Another interesting finding is that the intact liver regeneration is induced in TLR2−/−, TLR4−/− [16], TLR2−/− TLR4−/−, and TLR9−/− mice [15] after PH. This result suggests that the gut-derived LPS and its receptor TLR4 do not play a major role in triggering the priming phase of liver regeneration. In addition, both IL-1 and IL-18 receptor signalings also use MyD88 as a signal adaptor molecule [23]. Therefore, possible contribution of IL-1 and IL-18 to the priming of liver regeneration should be considered. However, Caspase-1−/− mice, which lack the capacity to convert proform of IL-1β and IL-18 to active form [24, 25], exhibit normal liver regeneration after PH, suggesting minor roles of IL-1β and IL-18 in liver regeneration [15]. What is the crucial trigger of the MyD88-dependent biological events in the priming of liver regeneration? We propose that various gut microflora-derived components and/or unidentified endogenous ligands for TLRs activate multiple TLRs including TLR2, 4, 5, and 9 that lead to triggering the priming of liver regeneration after PH. Further investigation is required for proving this hypothesis.

The studies by others and us suggest that TLR/MyD88 signaling participates in the process of liver regeneration, especially in the early and priming phase, after PH. However, definite TLR ligands responsible for the priming process are still unknown. Further investigations are required for addressing this issue. Notably, LPS injection suppresses liver regeneration after PH, indicating that excessive TLR signaling inhibits this regenerative process [26]. Thus, the TLR signaling has double-edge sword-like functions in liver regeneration, and an appropriate magnitude of TLR signaling is required for intact liver regeneration.

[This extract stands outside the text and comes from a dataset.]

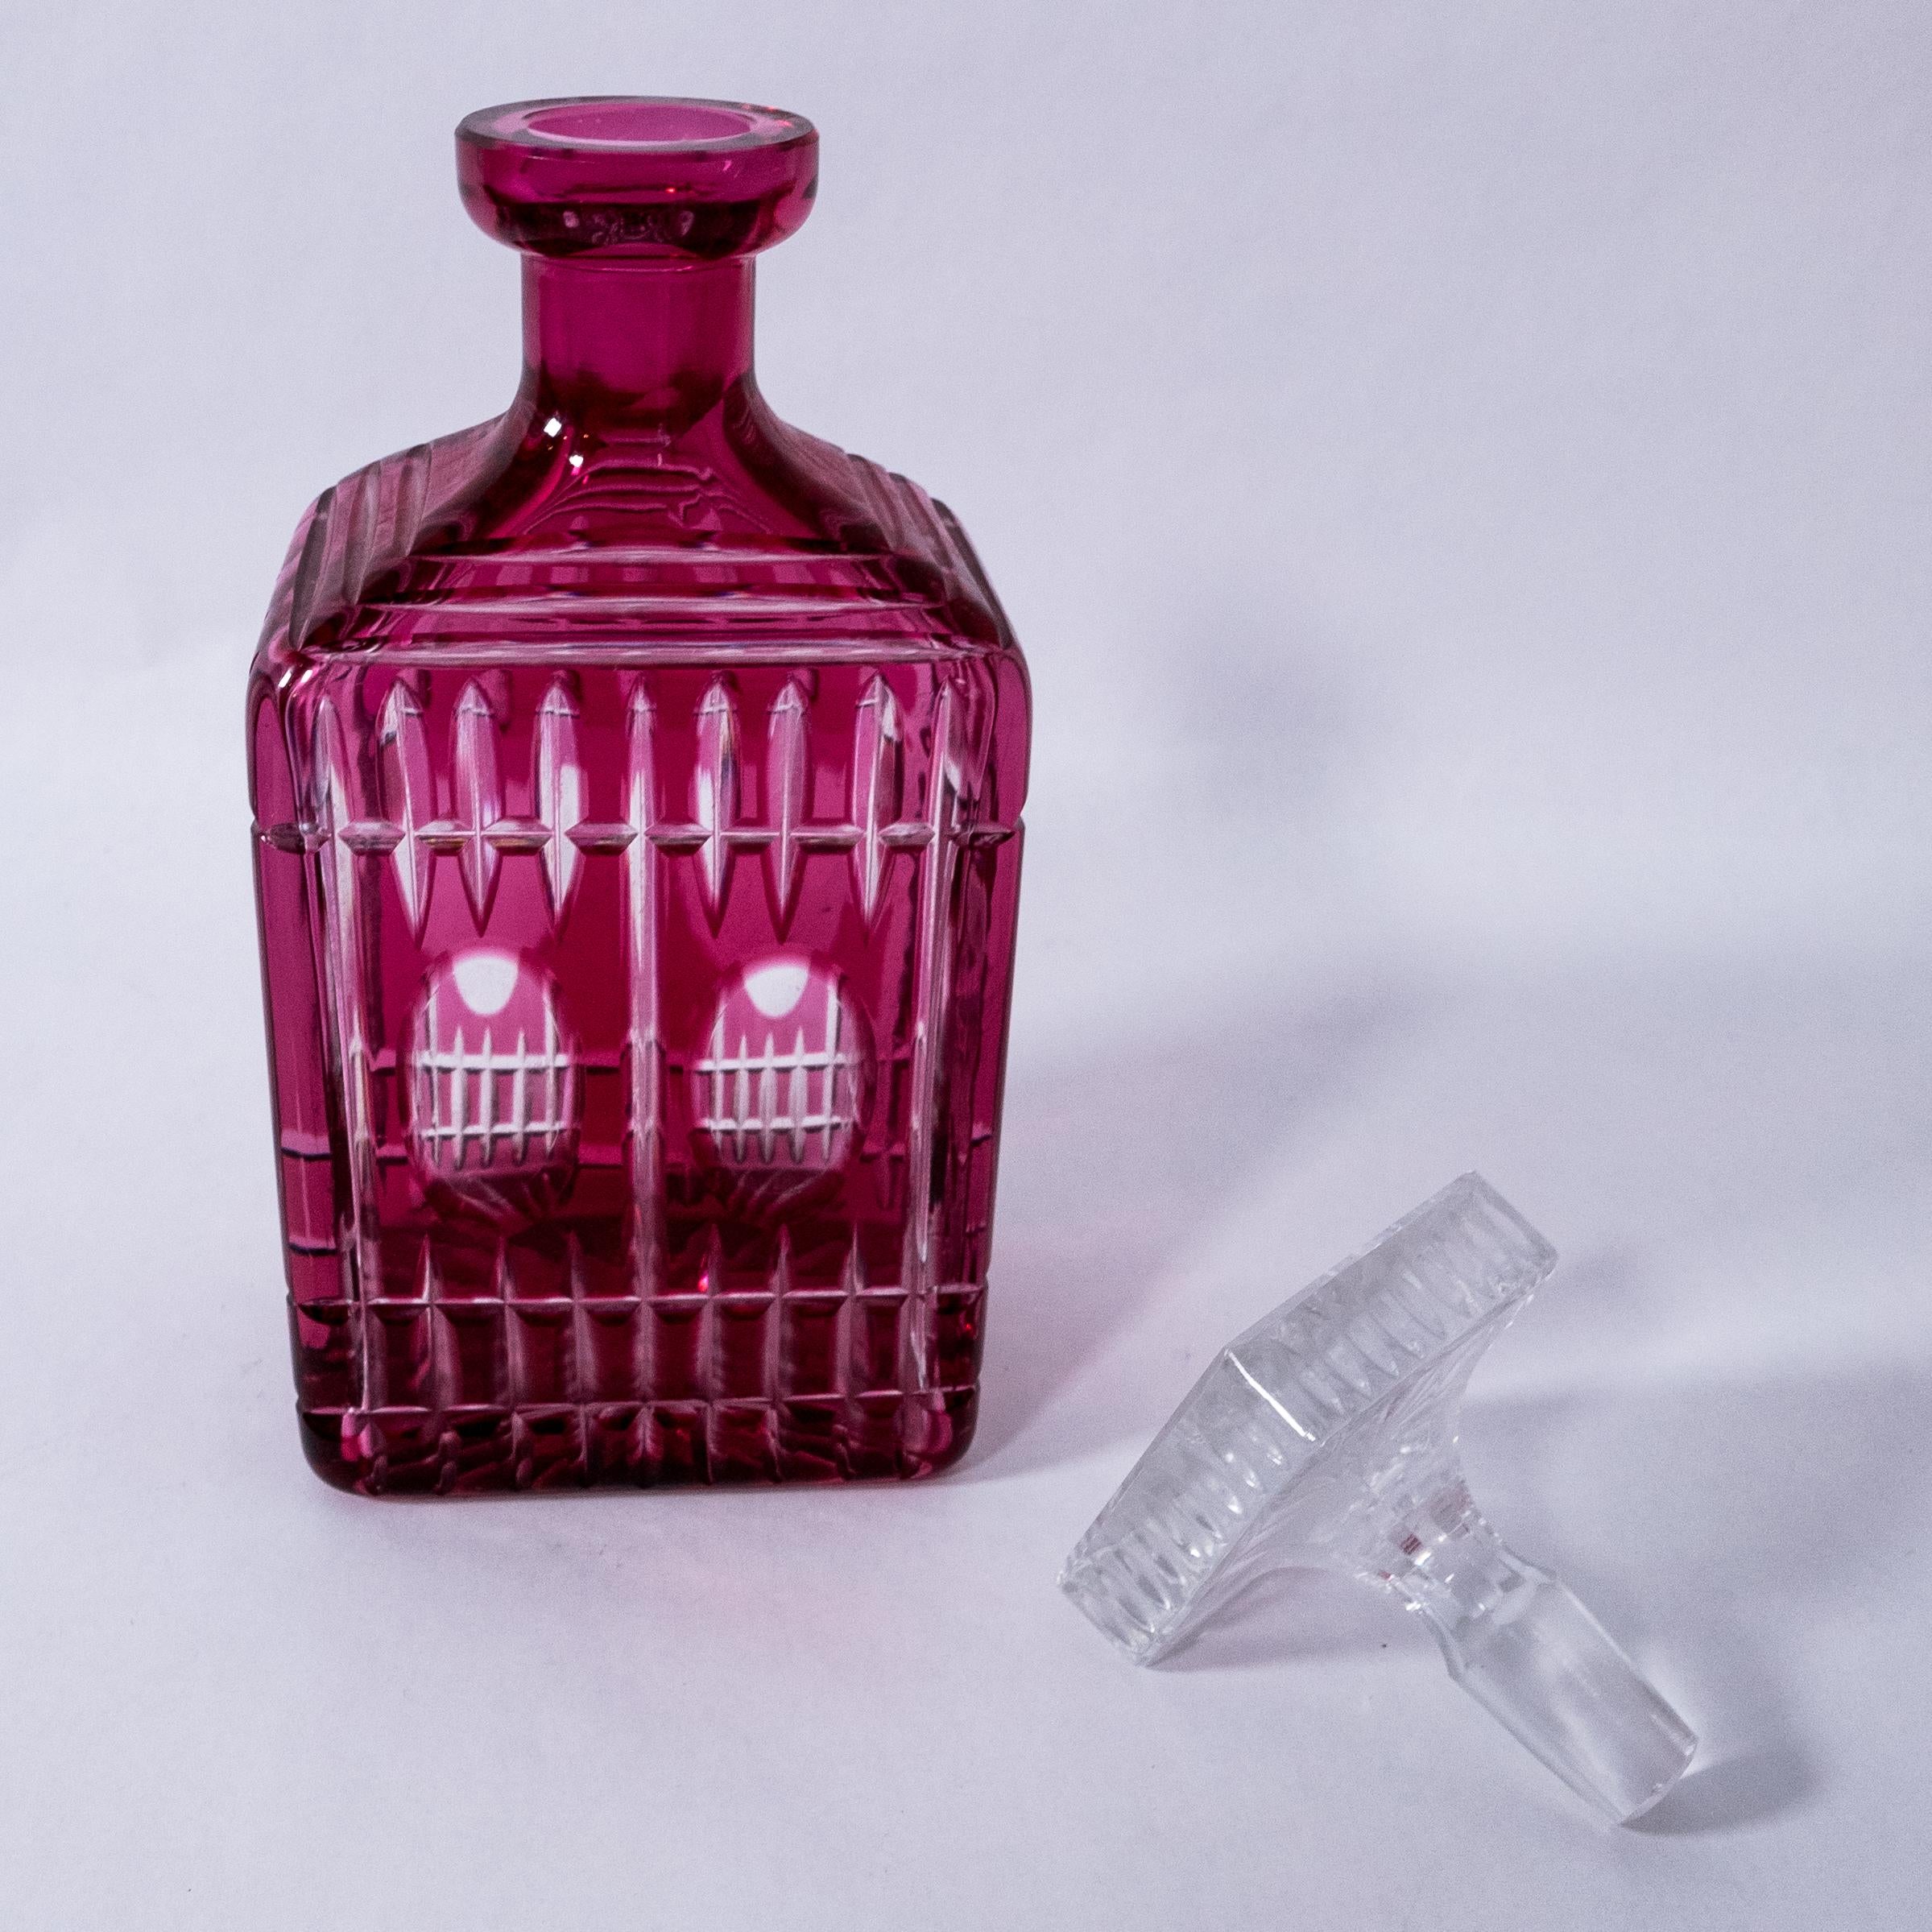 Hand-Crafted Antique English Cut Crystal Decanter, Ruby Red Color Square Stopper
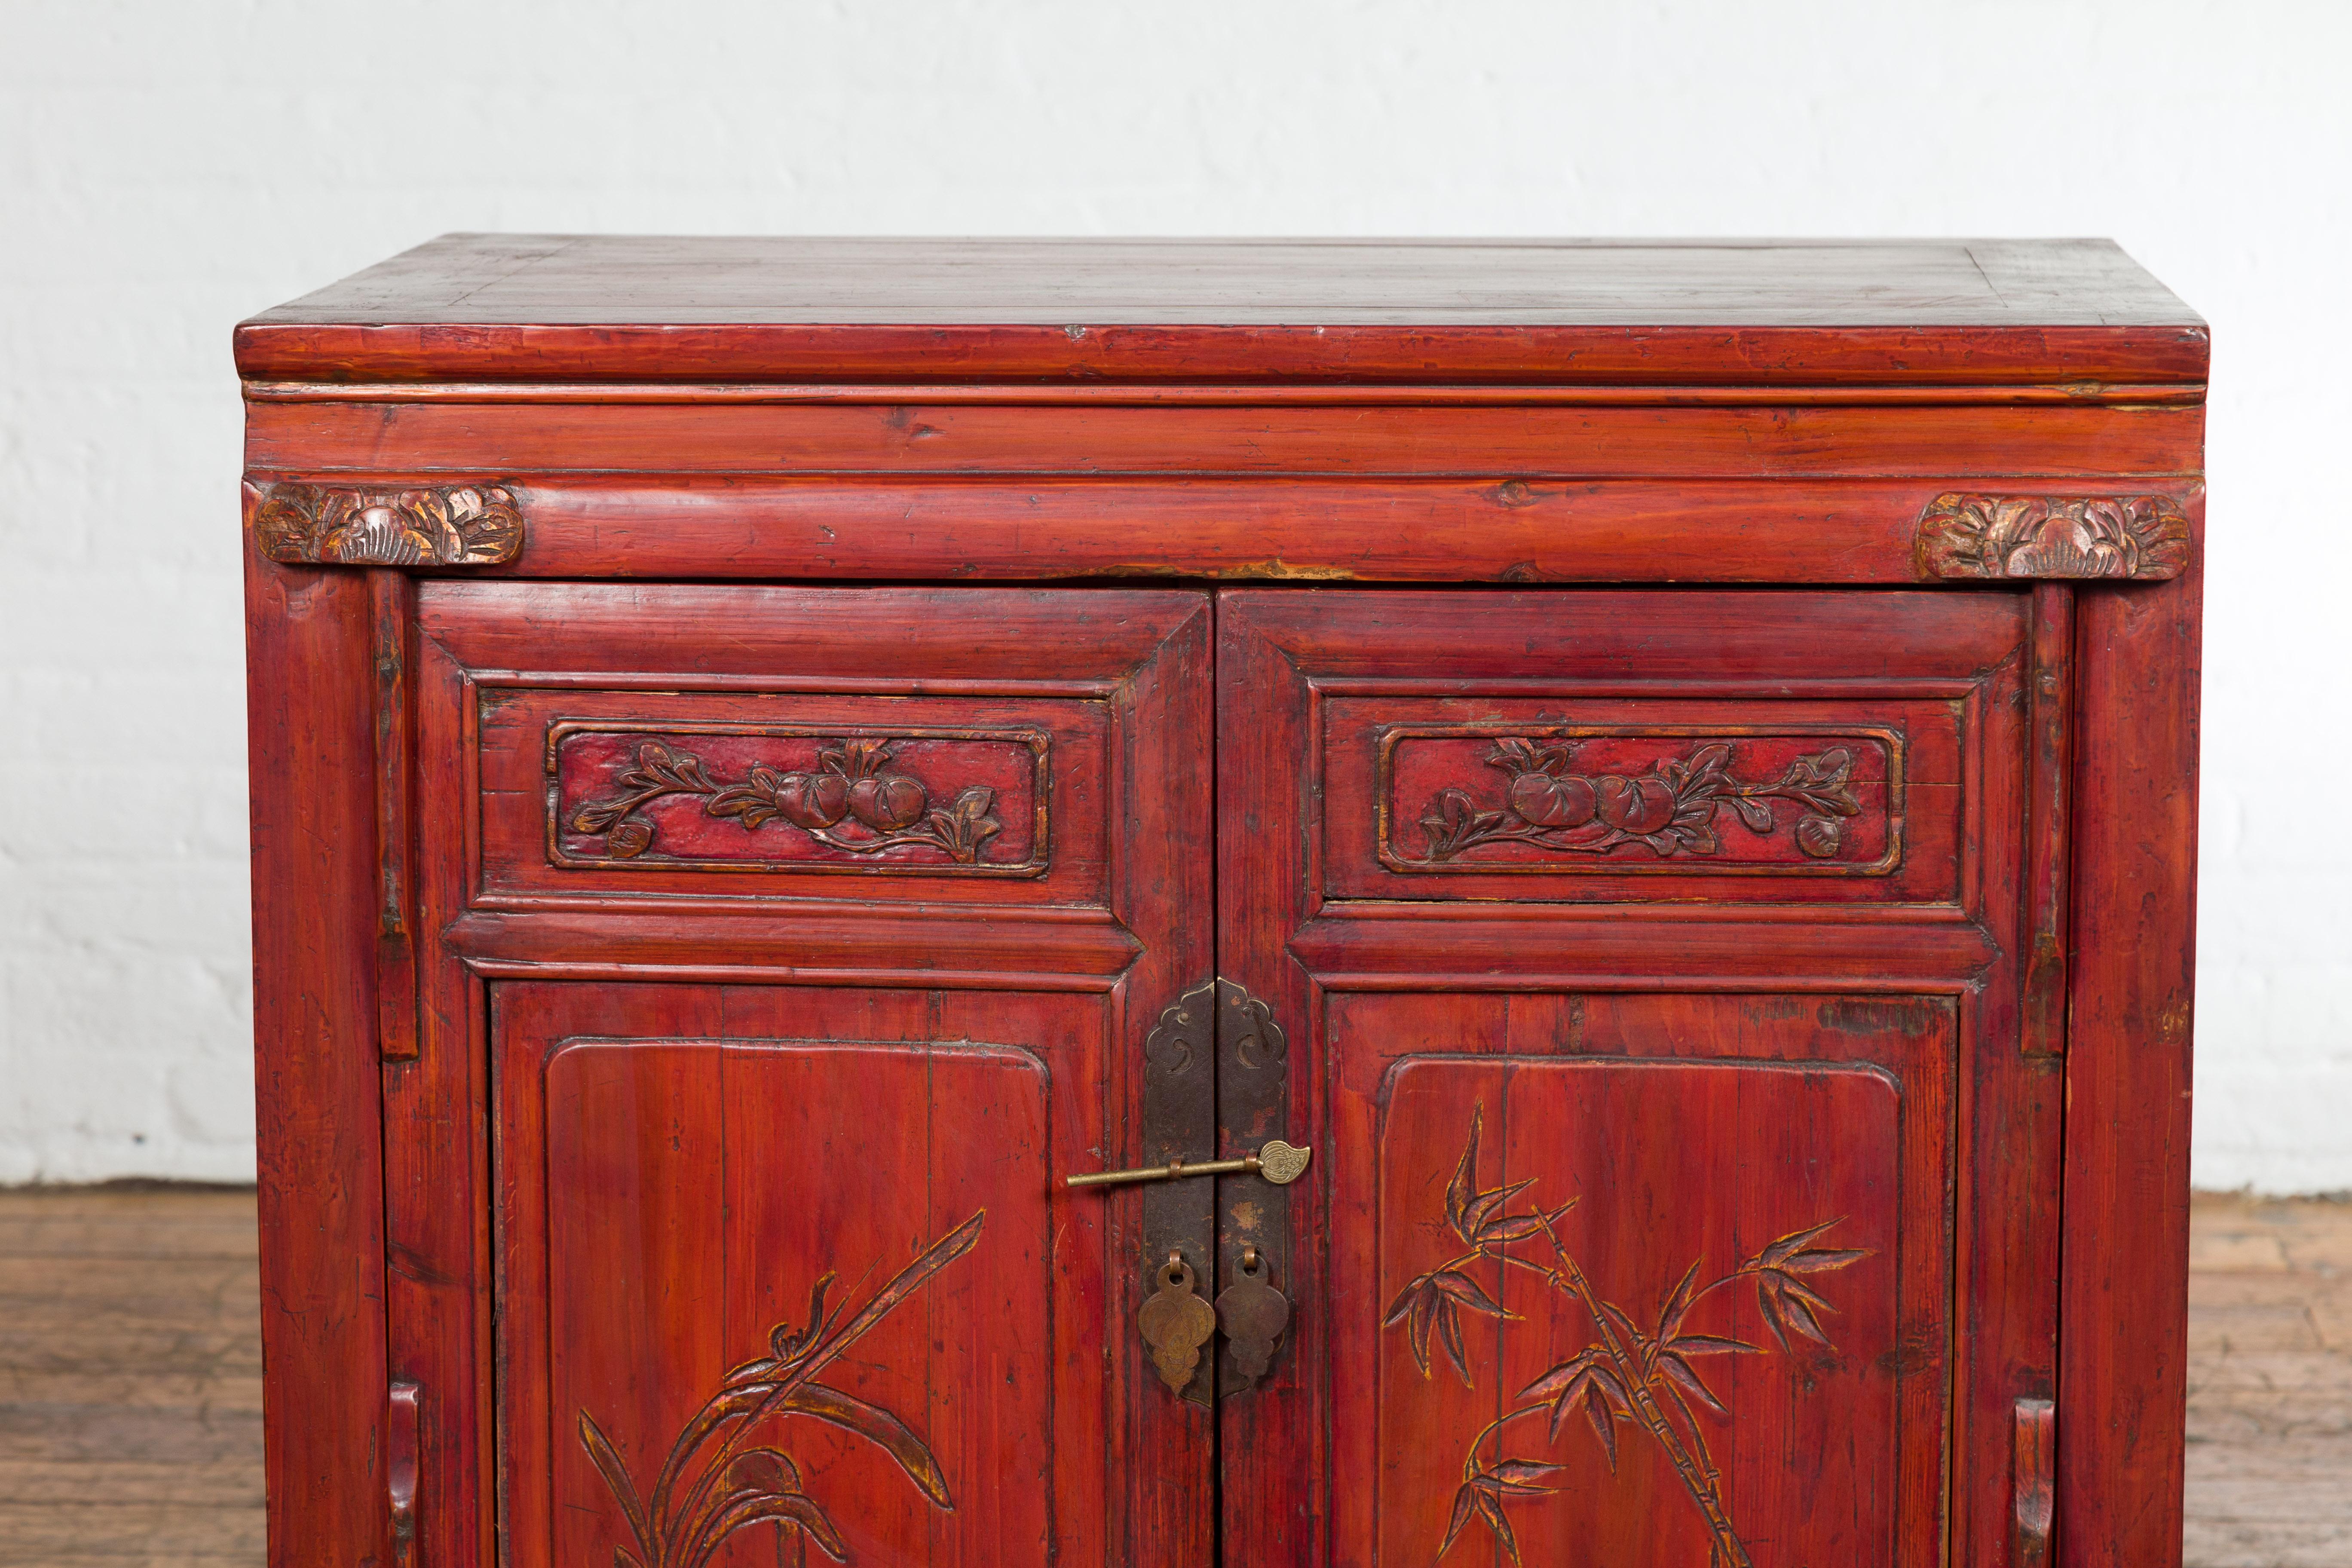 20th Century Chinese Red Lacquer Late Qing Dynasty Bedside Cabinet with Carved Décor For Sale

On the other hand, TLR3 utilizes another adaptor molecule, TRIF (TIR domain-containing adaptor-inducing interferon-β). Recently, the role of TLR3 signaling in liver regeneration has been reported [27]. In TLR3−/− mice, initiation of liver regeneration is shifted to the earlier time point, suggesting that TLR3 signaling inhibits the initiation of liver regeneration. This inhibitory effect of TLR3 signaling is also supported by a previous report that activation of TLR3 by injection of its ligand, polyinosinic-polycytidylic acid (poly (I : C)), suppressed liver regeneration after PH [28]. Interestingly, NF-κB activation in hepatocytes was significantly suppressed up to 10 hrs, but its activation was relatively prominent in Kupffer cells in TLR3−/− mice after PH. These findings suggest that after PH, unknown ligands, probably endogenous ligands for TLR3, activate NF-κB through Rip1 in hepatocytes that inhibit hepatocyte replication.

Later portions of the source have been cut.